Pietro Passarelli

10 Lessons from building video product tools in the newsroom.



Was invited to write a paper for the computational journalism conference '17

Abstract

With a unique background in Anthropology, Documentary film, and computer science, I have developed a skill set of applying my skills and knowledge collectively and creatively. This article is to share the 10 lessons I learned from the development of autoEdit, and walked through how a mixed approach that combines lean, user-centered design and anthropological insights with key computer science techniques, such as mapping the problem domain and component-based design, can be instrumental in developing products that gain user traction.

Introduction

In 2016 I did a 10-month Knight-Mozilla Fellowship organised by Open News with the Vox Media products team in New York.
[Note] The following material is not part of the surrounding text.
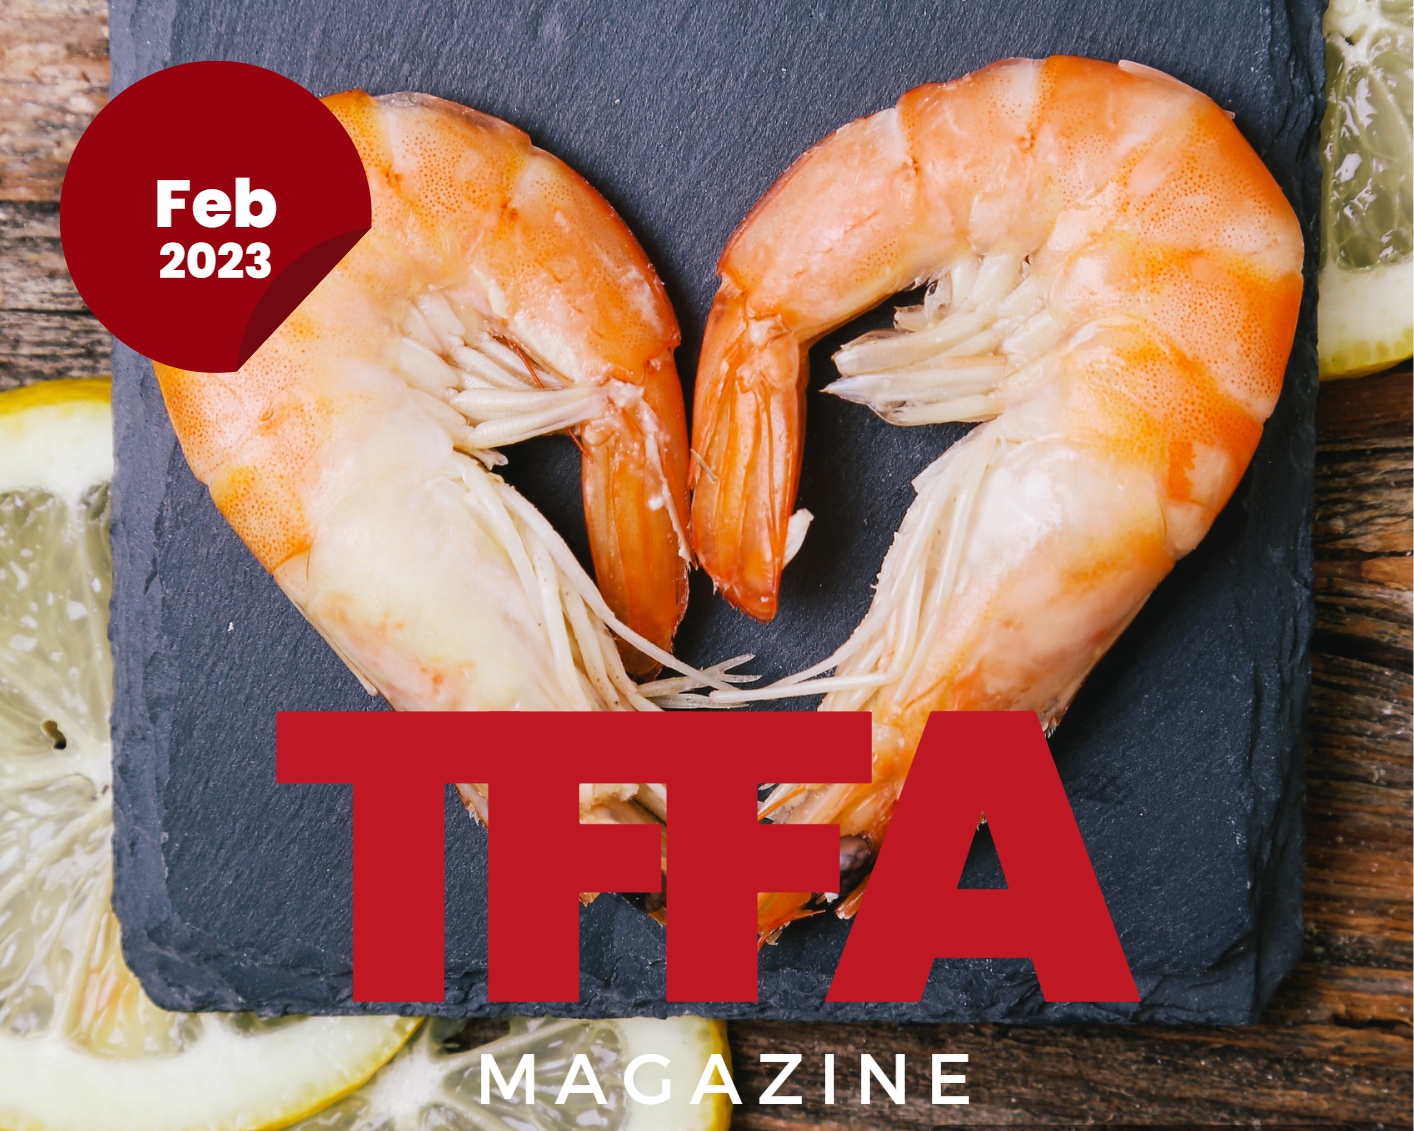 TFFA Magazine February 2023

My interest was to explore possibilities for open source tools to help streamline the video production process. After spending a month interviewing and observing video producers across Vox Media, I narrowed my focus down to creating an application that enables more efficient and accessible video editing of interviews.

The final product is autoEdit (Passarelli 2016a), a Mac OS X desktop app that creates automatic transcription from a video or audio file. The user can make text selections and export those selections as a video sequence to the editing software of choice.

The success of autoEdit was beyond my expectation - it was downloaded over 700 times within the first three months after its launch. It is currently being used by video producers and journalists across the Vox Media brands, at the Financial Times, CUNY Journalism School, Holocaust Memorial Museum, and many other companies and organizations.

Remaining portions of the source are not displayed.